Nostal-gret

It’s 6 AM, but I’ve been awake since 4.

For the past four days, a nagging feeling of nostalgia, regret, and longing has crept intro the crevice of my heart reserved for sentimentality.

For a minute sometimes, I can forget about it; pretend it’s not there.

But then it comes rushing back: by a photo, a tweet, a song… Maybe that’s why I’ve deactivated my Facebook.

To make the pain of leaving a little easier.

Now let me try to explain exactly what this feeling is.

 

It’s nostalgia.

I miss the pumping music,

the high I was getting off life,

the bodies around me.

I miss how the air was frigid but I didn’t feel it,

arms wrapped around me by some boy who,

for some reason, had chosen to pay attention to me.

I miss how I was happy and could laugh at anything,

but more importantly make the people around me laugh too.

 

It’s regret.

For not kissing that boy when the clock hit twelve.

I was waiting for it, he was waiting for it,

and everybody else was waiting for it, too.

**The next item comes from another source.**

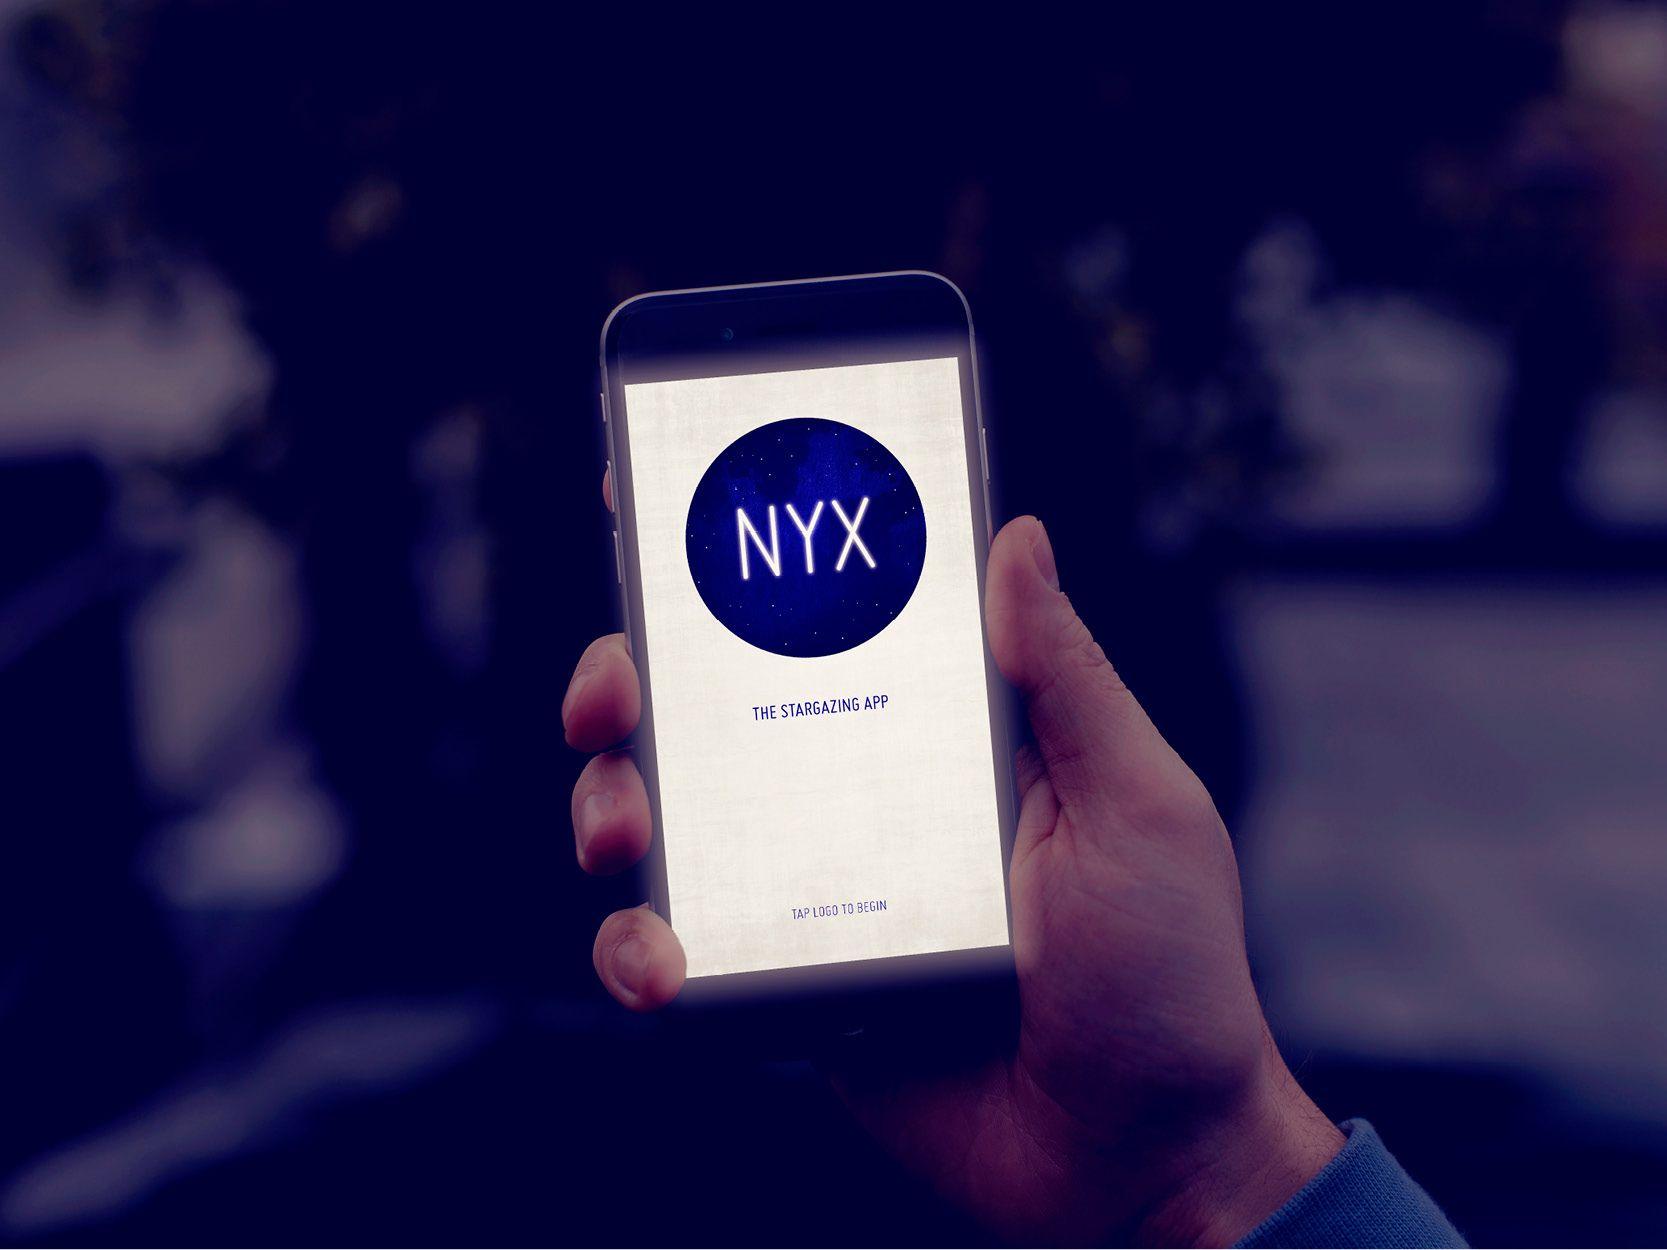 NYX Mobile Logo - Briefbox — Nyx – The Stargazing App by dean russell

But at that moment my grit was nowhere to be found,

and I lost him; he left.

There was another boy, though.

He told me he loved me.

But this time it was me who left him,

because I’m stupid and refuse to give people a chance.

When the morning came and my regrets streamed out,

he, too, was nowhere to be found.

 

Most of all, this feeling is a longing.

I long to be taken back,

I long to be surrounded by the people who know me best.